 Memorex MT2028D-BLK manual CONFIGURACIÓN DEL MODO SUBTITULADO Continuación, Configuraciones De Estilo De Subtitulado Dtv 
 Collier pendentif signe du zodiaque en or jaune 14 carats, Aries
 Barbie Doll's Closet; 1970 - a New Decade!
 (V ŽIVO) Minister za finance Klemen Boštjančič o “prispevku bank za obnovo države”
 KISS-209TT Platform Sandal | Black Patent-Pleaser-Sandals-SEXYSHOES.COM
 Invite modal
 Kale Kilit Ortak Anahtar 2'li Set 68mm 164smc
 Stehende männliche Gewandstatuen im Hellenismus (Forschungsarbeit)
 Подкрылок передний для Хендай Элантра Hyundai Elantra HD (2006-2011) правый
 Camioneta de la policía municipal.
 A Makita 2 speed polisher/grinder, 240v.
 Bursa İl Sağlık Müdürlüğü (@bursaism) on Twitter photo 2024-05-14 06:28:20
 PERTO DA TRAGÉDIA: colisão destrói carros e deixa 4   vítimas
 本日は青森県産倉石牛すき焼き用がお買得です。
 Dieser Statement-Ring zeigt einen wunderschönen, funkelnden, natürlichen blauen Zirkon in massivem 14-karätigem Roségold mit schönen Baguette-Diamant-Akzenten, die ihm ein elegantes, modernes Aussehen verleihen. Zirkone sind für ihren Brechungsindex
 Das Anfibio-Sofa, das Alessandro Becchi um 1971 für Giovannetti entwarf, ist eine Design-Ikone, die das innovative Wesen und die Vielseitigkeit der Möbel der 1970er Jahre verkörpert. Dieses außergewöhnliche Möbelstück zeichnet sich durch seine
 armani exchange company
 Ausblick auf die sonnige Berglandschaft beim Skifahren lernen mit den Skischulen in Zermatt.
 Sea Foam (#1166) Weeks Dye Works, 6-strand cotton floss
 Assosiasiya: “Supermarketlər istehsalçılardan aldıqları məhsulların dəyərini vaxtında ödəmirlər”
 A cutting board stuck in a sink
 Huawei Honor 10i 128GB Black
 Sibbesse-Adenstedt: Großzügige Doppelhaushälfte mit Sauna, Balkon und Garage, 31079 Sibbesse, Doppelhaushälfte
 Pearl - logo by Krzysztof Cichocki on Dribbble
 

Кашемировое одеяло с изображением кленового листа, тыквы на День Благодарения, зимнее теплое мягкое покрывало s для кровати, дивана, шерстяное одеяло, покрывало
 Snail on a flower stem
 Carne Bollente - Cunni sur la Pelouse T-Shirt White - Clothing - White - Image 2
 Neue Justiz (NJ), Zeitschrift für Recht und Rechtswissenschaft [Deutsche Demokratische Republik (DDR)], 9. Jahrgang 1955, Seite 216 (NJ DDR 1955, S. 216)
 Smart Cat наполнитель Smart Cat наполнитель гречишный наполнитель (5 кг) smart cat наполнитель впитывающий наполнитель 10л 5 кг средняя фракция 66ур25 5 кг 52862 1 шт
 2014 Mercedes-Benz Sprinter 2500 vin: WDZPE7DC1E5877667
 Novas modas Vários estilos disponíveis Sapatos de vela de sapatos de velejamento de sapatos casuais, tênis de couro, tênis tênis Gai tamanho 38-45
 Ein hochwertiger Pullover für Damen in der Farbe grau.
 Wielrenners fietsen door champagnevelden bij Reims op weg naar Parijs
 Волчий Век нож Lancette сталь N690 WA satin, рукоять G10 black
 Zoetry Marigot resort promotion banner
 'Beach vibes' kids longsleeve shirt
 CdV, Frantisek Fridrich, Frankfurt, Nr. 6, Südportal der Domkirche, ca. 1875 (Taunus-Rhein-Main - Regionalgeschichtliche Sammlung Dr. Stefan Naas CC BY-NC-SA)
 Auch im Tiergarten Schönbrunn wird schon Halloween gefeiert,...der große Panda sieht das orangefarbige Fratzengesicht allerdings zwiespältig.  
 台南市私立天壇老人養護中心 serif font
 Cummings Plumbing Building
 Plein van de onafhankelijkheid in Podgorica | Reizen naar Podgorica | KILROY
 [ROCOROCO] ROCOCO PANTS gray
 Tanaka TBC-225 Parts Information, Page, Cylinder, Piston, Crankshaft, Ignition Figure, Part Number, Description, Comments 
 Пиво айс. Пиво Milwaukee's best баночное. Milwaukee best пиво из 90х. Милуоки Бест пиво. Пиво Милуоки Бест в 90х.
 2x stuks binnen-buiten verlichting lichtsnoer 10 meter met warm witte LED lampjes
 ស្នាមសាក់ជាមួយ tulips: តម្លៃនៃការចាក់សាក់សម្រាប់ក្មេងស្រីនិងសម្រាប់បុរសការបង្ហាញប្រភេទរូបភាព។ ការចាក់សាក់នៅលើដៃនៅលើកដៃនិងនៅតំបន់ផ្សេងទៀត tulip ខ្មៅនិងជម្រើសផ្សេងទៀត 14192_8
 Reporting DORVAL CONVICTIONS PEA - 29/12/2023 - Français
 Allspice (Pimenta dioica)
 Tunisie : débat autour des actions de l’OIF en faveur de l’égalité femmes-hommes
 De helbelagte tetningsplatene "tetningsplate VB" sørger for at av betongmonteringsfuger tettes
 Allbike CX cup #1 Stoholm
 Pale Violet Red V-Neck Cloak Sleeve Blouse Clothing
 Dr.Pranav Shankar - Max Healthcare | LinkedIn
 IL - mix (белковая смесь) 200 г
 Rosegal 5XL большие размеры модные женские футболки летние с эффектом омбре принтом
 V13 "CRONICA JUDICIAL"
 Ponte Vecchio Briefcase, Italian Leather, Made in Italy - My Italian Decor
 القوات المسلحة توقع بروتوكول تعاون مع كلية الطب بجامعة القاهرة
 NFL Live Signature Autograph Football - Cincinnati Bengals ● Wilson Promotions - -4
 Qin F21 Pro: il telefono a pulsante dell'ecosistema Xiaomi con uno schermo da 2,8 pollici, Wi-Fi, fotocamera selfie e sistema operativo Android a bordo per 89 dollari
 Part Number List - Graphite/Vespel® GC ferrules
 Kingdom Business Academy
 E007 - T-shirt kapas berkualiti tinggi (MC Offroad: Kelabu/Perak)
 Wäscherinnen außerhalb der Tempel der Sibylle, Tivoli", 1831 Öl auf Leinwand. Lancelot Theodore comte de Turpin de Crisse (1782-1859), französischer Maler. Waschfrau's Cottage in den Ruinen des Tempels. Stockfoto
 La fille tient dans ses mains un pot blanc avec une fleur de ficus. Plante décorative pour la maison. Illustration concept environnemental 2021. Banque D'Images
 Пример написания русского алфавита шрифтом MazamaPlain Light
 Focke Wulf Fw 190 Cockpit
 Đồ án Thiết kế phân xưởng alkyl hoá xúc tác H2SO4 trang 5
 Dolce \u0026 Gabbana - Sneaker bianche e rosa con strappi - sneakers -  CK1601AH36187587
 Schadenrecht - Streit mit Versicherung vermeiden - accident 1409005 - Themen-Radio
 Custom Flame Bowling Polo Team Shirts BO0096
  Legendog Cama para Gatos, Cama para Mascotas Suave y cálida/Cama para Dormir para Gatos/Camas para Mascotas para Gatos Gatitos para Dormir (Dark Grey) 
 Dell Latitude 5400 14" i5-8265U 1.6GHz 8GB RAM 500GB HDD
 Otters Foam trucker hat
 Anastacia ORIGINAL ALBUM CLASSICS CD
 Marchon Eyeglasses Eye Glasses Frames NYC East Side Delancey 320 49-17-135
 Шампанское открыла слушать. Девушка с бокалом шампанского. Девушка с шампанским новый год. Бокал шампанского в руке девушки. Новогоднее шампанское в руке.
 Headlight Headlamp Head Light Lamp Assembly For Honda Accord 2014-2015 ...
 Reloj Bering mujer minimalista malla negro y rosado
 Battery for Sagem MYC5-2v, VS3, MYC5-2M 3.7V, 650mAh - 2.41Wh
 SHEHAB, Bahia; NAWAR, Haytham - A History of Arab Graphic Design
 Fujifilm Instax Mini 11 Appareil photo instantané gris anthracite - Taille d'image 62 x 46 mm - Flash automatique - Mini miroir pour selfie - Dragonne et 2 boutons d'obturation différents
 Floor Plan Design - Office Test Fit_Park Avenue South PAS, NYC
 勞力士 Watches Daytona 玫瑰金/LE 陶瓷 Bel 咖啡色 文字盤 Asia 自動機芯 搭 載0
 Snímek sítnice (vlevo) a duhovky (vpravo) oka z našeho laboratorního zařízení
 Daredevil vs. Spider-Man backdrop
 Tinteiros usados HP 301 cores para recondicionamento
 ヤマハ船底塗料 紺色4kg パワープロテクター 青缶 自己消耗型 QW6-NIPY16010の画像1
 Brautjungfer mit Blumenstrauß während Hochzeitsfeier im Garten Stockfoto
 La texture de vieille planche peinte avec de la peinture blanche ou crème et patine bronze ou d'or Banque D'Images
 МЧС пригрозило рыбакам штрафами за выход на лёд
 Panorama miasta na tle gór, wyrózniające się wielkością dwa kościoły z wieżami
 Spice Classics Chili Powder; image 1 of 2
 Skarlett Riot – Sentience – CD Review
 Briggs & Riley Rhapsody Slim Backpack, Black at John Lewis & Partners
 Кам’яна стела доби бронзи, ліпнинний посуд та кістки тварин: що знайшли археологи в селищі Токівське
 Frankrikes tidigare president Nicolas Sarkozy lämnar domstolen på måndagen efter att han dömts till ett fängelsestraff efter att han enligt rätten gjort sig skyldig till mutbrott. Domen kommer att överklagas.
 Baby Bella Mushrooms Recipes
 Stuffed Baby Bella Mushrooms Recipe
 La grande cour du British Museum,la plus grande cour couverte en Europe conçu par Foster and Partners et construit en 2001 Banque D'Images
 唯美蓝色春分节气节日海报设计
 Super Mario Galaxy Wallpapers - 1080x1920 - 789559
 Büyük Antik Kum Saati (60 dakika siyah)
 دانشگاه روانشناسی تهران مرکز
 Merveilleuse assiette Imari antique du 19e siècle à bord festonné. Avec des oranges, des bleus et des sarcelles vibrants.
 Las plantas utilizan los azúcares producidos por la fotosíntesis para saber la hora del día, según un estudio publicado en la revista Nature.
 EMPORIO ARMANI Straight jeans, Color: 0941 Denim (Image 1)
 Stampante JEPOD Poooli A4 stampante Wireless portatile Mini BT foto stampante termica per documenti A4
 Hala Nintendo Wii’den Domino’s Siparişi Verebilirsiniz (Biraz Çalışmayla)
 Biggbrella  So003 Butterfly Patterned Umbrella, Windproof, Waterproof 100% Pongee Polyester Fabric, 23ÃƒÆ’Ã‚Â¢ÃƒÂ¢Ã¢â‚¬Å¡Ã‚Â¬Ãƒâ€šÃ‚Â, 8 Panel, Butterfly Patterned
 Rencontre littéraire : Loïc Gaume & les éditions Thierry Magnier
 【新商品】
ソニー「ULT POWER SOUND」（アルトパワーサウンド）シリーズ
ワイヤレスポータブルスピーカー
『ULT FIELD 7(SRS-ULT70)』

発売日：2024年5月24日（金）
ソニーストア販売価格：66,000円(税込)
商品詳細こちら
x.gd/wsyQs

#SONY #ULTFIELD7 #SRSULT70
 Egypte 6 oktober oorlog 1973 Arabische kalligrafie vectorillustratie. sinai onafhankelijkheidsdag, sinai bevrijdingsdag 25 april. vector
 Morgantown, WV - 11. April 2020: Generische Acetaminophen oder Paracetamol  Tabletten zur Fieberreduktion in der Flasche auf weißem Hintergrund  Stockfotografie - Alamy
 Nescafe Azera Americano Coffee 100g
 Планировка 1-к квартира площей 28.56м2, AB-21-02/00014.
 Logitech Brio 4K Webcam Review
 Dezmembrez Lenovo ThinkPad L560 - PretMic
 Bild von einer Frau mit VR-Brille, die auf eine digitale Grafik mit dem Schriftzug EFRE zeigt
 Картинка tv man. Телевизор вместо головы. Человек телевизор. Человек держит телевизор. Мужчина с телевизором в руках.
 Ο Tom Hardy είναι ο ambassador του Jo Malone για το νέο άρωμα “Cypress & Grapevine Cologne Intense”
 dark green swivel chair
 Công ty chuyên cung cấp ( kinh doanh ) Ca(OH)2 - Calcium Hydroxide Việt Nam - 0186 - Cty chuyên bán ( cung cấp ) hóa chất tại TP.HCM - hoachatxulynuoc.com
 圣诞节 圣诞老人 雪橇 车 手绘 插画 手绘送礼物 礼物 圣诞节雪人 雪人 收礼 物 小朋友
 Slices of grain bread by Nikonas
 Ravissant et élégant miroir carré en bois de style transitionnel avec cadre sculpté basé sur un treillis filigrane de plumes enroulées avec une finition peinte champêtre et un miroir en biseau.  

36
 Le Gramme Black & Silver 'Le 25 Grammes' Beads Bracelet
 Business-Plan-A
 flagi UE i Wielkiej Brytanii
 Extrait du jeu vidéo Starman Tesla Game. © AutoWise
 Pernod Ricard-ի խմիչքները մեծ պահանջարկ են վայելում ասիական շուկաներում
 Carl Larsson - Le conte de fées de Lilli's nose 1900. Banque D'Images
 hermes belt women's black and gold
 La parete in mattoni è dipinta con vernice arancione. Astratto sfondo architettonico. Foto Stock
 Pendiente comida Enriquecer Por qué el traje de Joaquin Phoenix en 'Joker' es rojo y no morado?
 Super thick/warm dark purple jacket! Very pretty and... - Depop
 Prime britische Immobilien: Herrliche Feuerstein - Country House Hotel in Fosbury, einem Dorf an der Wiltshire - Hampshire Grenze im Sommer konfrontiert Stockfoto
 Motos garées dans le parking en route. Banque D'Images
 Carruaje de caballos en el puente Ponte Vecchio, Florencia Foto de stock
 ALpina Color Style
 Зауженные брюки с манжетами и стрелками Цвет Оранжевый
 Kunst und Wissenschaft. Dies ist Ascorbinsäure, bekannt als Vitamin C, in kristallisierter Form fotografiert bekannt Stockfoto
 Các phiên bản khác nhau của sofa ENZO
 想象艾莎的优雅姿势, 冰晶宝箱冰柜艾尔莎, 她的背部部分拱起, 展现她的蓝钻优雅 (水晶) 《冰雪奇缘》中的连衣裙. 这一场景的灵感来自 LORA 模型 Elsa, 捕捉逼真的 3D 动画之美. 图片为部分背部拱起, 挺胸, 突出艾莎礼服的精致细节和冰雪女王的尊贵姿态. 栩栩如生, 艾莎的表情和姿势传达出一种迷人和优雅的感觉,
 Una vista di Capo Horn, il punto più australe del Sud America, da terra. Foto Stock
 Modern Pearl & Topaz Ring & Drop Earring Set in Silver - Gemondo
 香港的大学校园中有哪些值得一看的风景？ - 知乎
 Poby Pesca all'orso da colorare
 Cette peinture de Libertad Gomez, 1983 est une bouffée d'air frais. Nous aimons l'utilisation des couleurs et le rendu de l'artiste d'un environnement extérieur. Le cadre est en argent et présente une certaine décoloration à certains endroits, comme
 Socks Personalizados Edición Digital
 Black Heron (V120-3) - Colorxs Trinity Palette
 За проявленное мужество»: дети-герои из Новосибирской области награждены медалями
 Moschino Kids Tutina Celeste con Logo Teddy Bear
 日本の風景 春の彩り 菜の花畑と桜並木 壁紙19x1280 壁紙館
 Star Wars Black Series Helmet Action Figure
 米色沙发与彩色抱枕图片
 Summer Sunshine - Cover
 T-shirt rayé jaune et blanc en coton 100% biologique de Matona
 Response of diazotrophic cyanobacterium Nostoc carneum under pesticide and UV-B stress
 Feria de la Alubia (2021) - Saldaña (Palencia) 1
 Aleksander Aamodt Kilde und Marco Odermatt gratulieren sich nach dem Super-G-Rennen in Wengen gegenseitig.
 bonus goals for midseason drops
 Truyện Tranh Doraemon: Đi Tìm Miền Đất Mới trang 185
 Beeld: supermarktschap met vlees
====
**TASK GOAL**. Using the entries above, give again exactly the lines from the line holding "Stampante JEPOD Poooli" through the line holding "Pernod Ricard-ի խմիչքները". Include both end lines and nothing else.

**ANSWER SPACE**.
 Stampante JEPOD Poooli A4 stampante Wireless portatile Mini BT foto stampante termica per documenti A4
 Hala Nintendo Wii’den Domino’s Siparişi Verebilirsiniz (Biraz Çalışmayla)
 Biggbrella  So003 Butterfly Patterned Umbrella, Windproof, Waterproof 100% Pongee Polyester Fabric, 23ÃƒÆ’Ã‚Â¢ÃƒÂ¢Ã¢â‚¬Å¡Ã‚Â¬Ãƒâ€šÃ‚Â, 8 Panel, Butterfly Patterned
 Rencontre littéraire : Loïc Gaume & les éditions Thierry Magnier
 【新商品】
ソニー「ULT POWER SOUND」（アルトパワーサウンド）シリーズ
ワイヤレスポータブルスピーカー
『ULT FIELD 7(SRS-ULT70)』

発売日：2024年5月24日（金）
ソニーストア販売価格：66,000円(税込)
商品詳細こちら
x.gd/wsyQs

#SONY #ULTFIELD7 #SRSULT70
 Egypte 6 oktober oorlog 1973 Arabische kalligrafie vectorillustratie. sinai onafhankelijkheidsdag, sinai bevrijdingsdag 25 april. vector
 Morgantown, WV - 11. April 2020: Generische Acetaminophen oder Paracetamol  Tabletten zur Fieberreduktion in der Flasche auf weißem Hintergrund  Stockfotografie - Alamy
 Nescafe Azera Americano Coffee 100g
 Планировка 1-к квартира площей 28.56м2, AB-21-02/00014.
 Logitech Brio 4K Webcam Review
 Dezmembrez Lenovo ThinkPad L560 - PretMic
 Bild von einer Frau mit VR-Brille, die auf eine digitale Grafik mit dem Schriftzug EFRE zeigt
 Картинка tv man. Телевизор вместо головы. Человек телевизор. Человек держит телевизор. Мужчина с телевизором в руках.
 Ο Tom Hardy είναι ο ambassador του Jo Malone για το νέο άρωμα “Cypress & Grapevine Cologne Intense”
 dark green swivel chair
 Công ty chuyên cung cấp ( kinh doanh ) Ca(OH)2 - Calcium Hydroxide Việt Nam - 0186 - Cty chuyên bán ( cung cấp ) hóa chất tại TP.HCM - hoachatxulynuoc.com
 圣诞节 圣诞老人 雪橇 车 手绘 插画 手绘送礼物 礼物 圣诞节雪人 雪人 收礼 物 小朋友
 Slices of grain bread by Nikonas
 Ravissant et élégant miroir carré en bois de style transitionnel avec cadre sculpté basé sur un treillis filigrane de plumes enroulées avec une finition peinte champêtre et un miroir en biseau.  

36
 Le Gramme Black & Silver 'Le 25 Grammes' Beads Bracelet
 Business-Plan-A
 flagi UE i Wielkiej Brytanii
 Extrait du jeu vidéo Starman Tesla Game. © AutoWise
 Pernod Ricard-ի խմիչքները մեծ պահանջարկ են վայելում ասիական շուկաներում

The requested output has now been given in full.